[Material provided Boundary: Start]
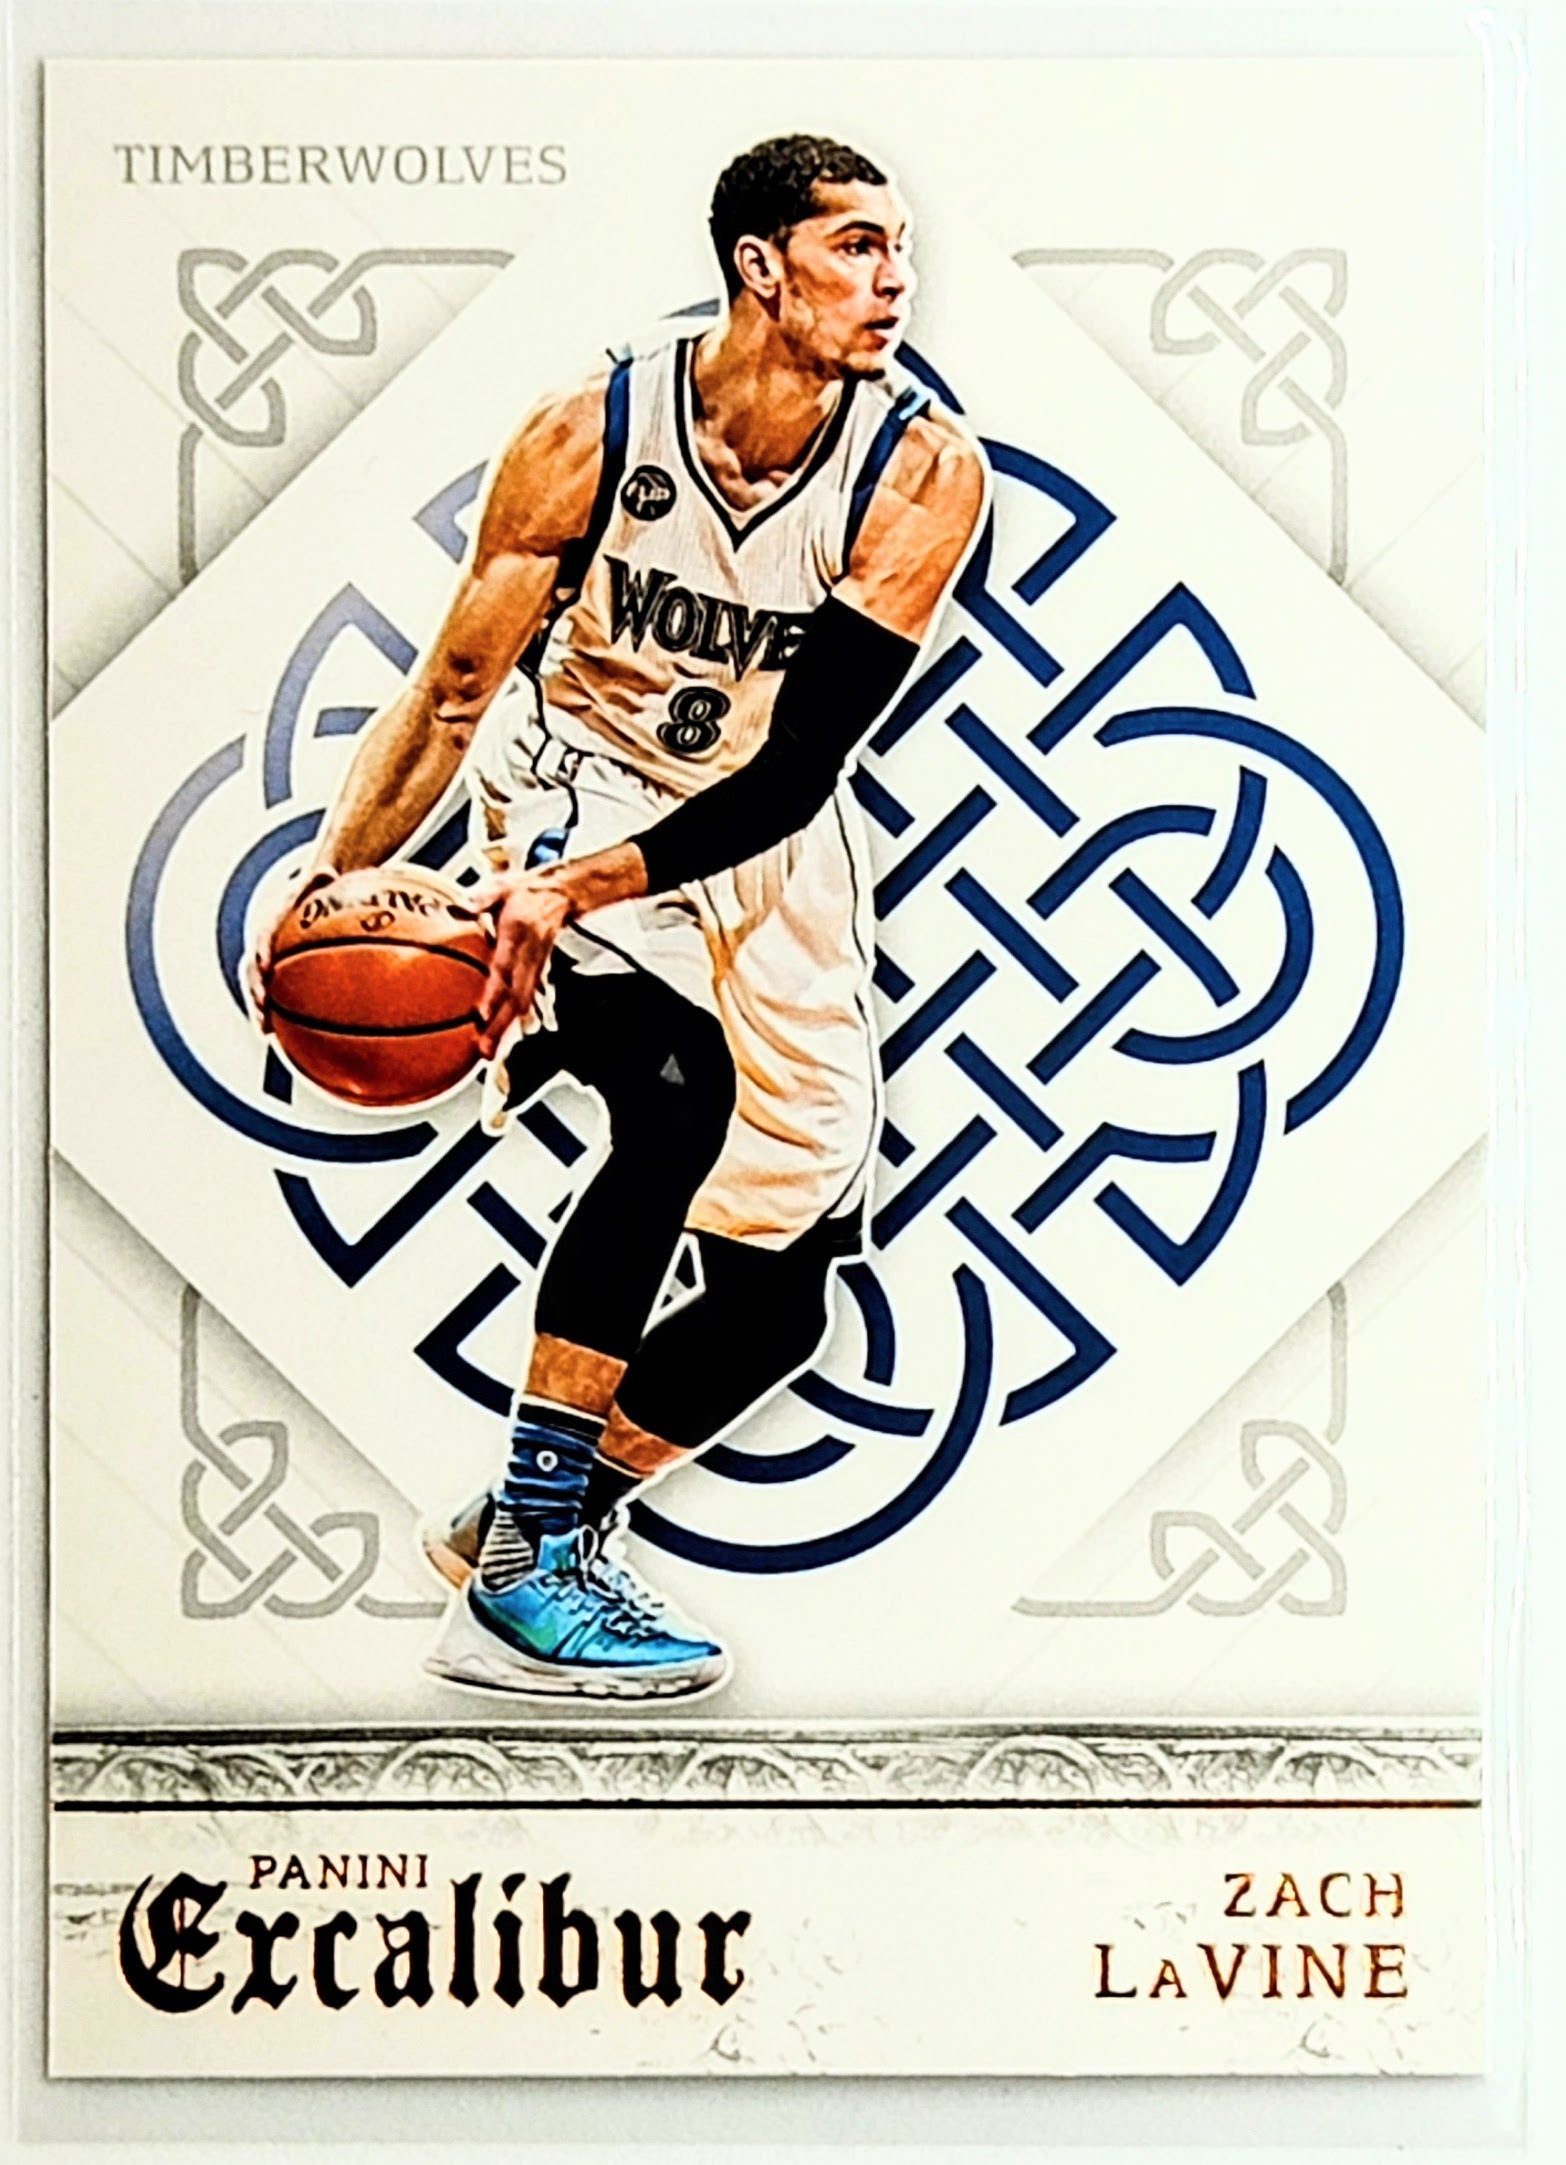 2015 Panini Excalibur Zach
LaVine Minnesota Timberwolves
  Basketball Card TH1C4 simple Xclusive Collectibles
[Material provided Boundary: End]
[Task] Write out the listing above exactly as it stands, pictures excluded.

[Solution for this exercise]
 2015 Panini Excalibur Zach
LaVine Minnesota Timberwolves
  Basketball Card TH1C4 simple Xclusive Collectibles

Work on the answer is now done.